The Intel Software Development Manual says this about the neg
instruction:
The CF flag set to 0 if the source operand is 0; otherwise it is set to 1. The OF, SF, ZF, AF, and PF flags are set according to the result.
I thought that AF and CF would be set as if neg %eax
were replaced by,
not %eax # bitwise negation
add $1, %eax
But that's not the case, negating 0x6ffffef5 on a real CPU sets AF and CF.
neg
sets all flags identically to what you'd get with a sub
from 0.
This sequence of instructions sets all flags (including AF and CF) identically to neg %eax
:
xor %ecx, %ecx
sub %eax, %ecx # ecx = 0 - eax
Intel's documentation does actually specify this, but not in the pseudo-code Operation section or in the flags-affected section of the instruction-set reference (Volume 2) entry for neg
itself.
The text of the Description section for neg
includes this nugget:
This operation is equivalent to subtracting the operand from 0.
And in Volume 1:
7.3.2.4 Comparison and Sign Change Instructions
[a paragraph about CMP]
The NEG (negate) instruction subtracts a signed integer operand from zero.

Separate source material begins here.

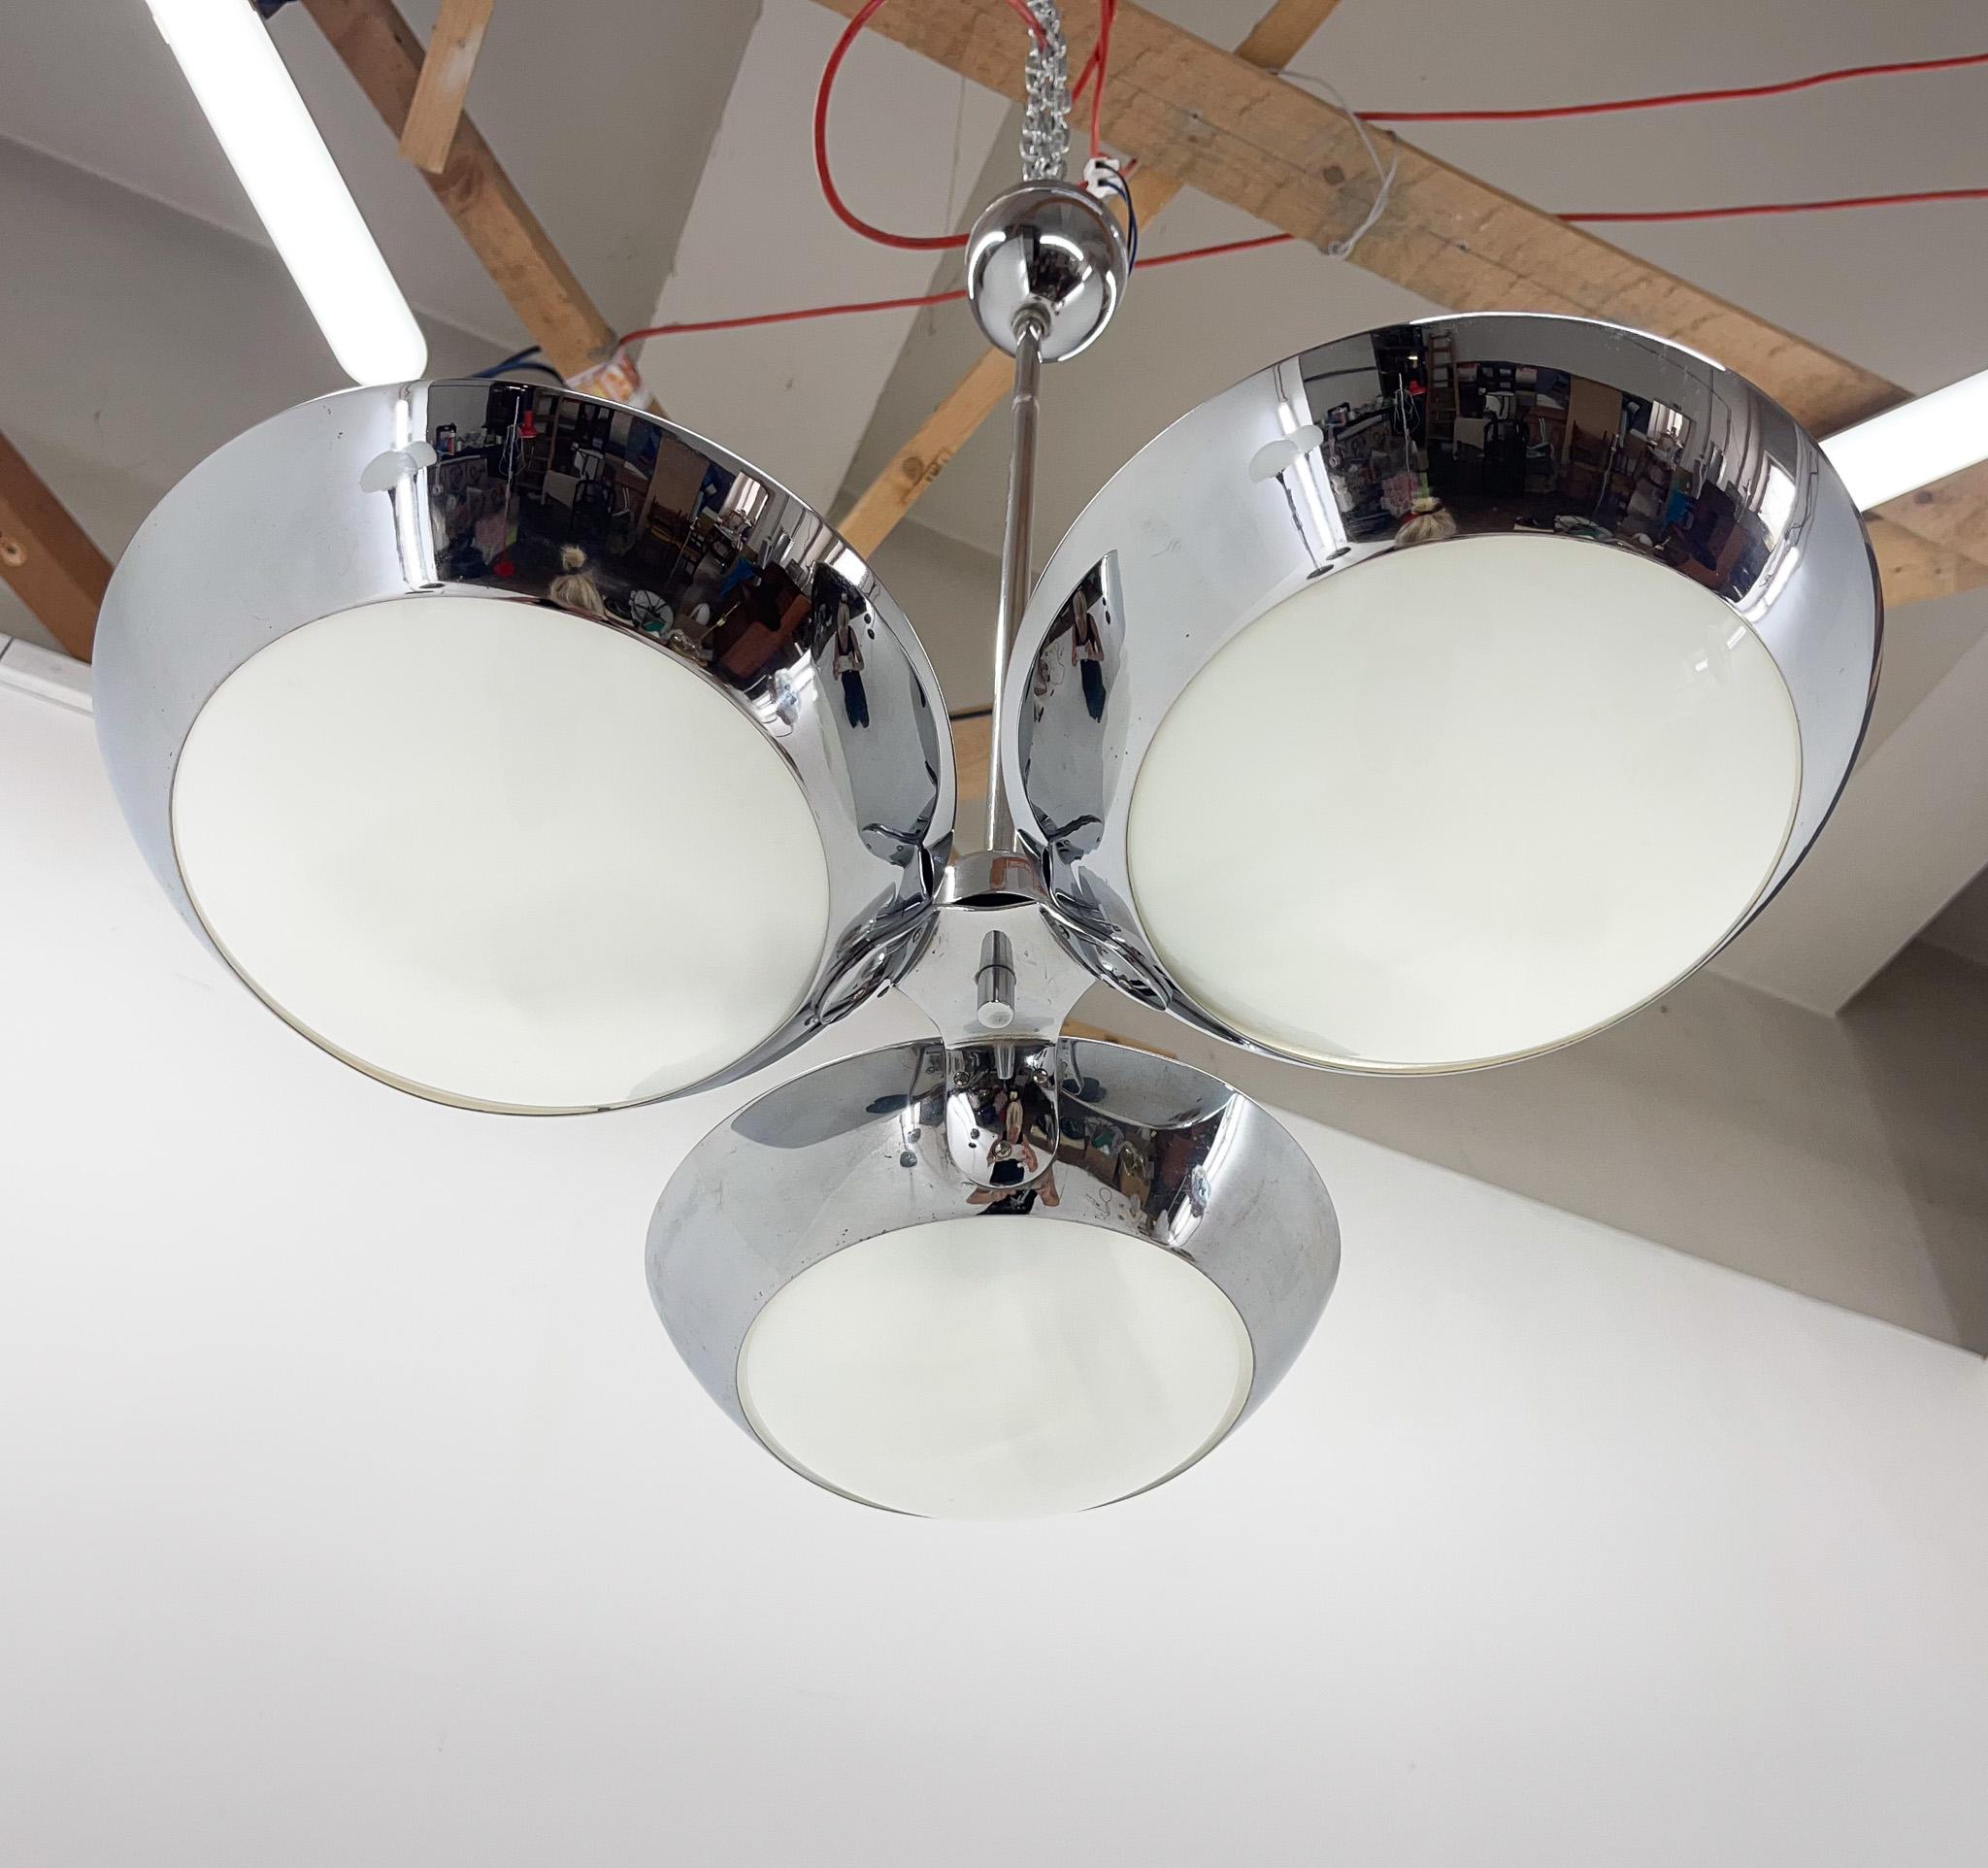 Mid-20th Century Rare Chrome-Plated Functionalist Chandelier by Zukov, 1940s For Sale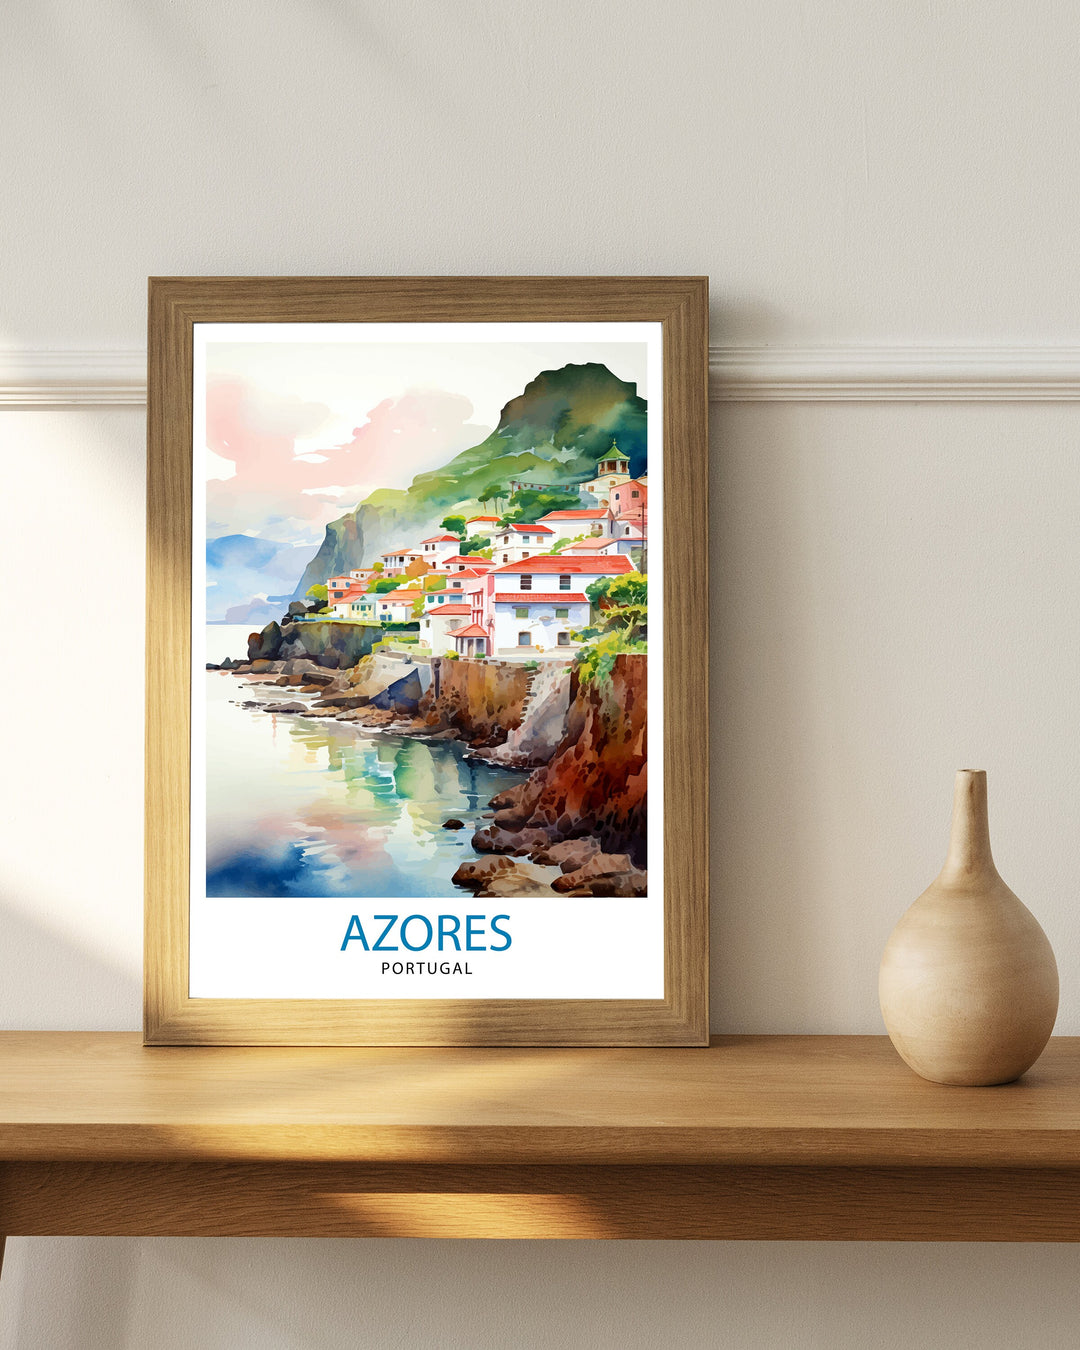 Azores Portugal Poster Azores Decor Azores Poster Azores Art Azores Wall Art Gift for Nature Enthusiasts Azores Home Decor

The existence of this documentation was pointed out by a comment on an earlier duplicate of this question which isn't as directly worded.
I didn't know that vol.1 had a whole section explaining the instructions. It turns out that not everything Intel has to say about individual instructions is in the Volume 2 insn set reference.
There's some evidence that neg
decodes internally to the same uop as a sub
instruction on Intel CPUs. (e.g. neg [mem]
can micro-fuse the load with the ALU op, as well as micro-fusing the store-address and store-data uops. inc [mem]
can only micro-fuse the store, so it's 3 total fused-domain uops).